All in all, previous data, based on a long practice, shows that a slow, orderly, calm and limited retreat on positions that can be rationally supported is optimal. The decrease in the average euro/leu exchange rate from almost 4.57 lei/euro, the average level for 2017, to 4.55 lei/euro (included in the 2018 budget law) appears rather hazardous, given the start from the level of 4.66 lei/euro, even if we admit the happy case of the average below the limits of the interval.
The inflation differential is increasingly clearer between us and the Eurozone and leaves little operating room. But an appreciation in real terms of the Romanian leu (desirable in principle, but in disagreement with the fiscal-budgetary measures) in the context of an expanding trade deficit makes no sense, it would only further affect the external competitiveness. The maximum attention would be towards reversing the decrease tendency in the coverage ratio to at least the critical threshold of 90%.
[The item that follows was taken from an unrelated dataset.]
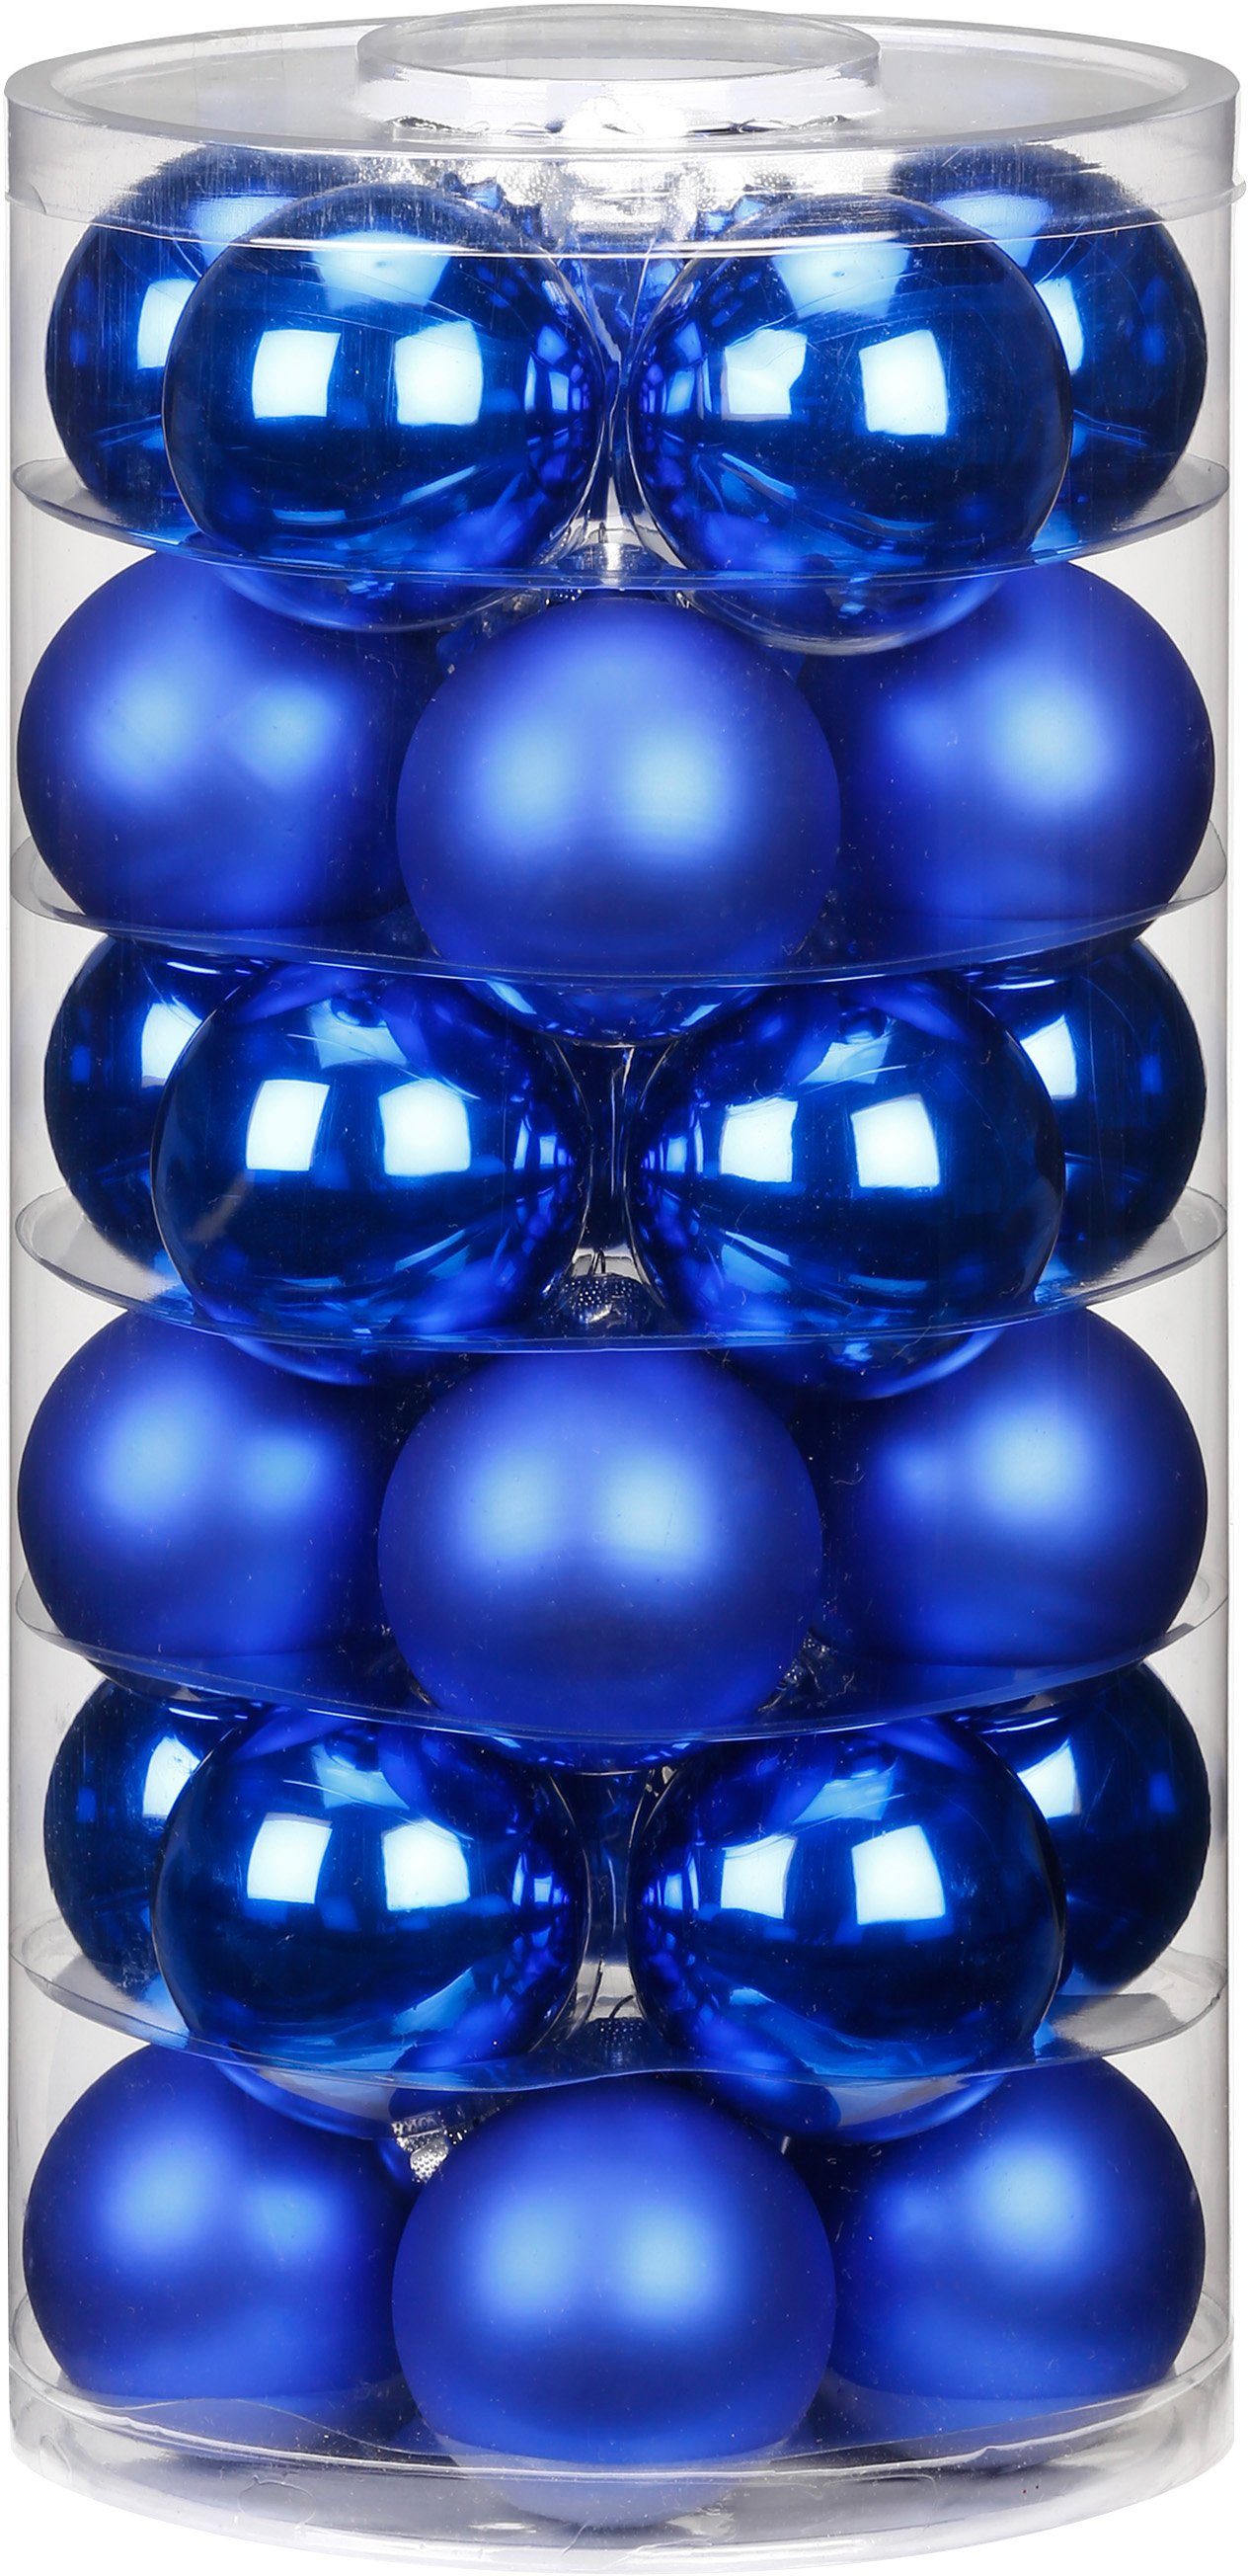 MAGIC by Inge Weihnachtsbaumkugel »Vibrant Blue« (60 Stück), hochwertiger Echtglas-Weihnachtsschmuck, Ø 4 cm und Ø 6 cm-Otto

Of course, the variation of the national currency will also be in the way of a nominal drop of the exchange rate and the central bank will try to mitigate the speculative exuberance. The currency regime we chosen is a controlled floatation, but it can neither be transformed into a sort of floating control, because the market is a market. And at the end of the day you can only admit, with higher or lower costs, possibly supplemented by professionalism, the harsh reality of the economic fundamentals and free transactions.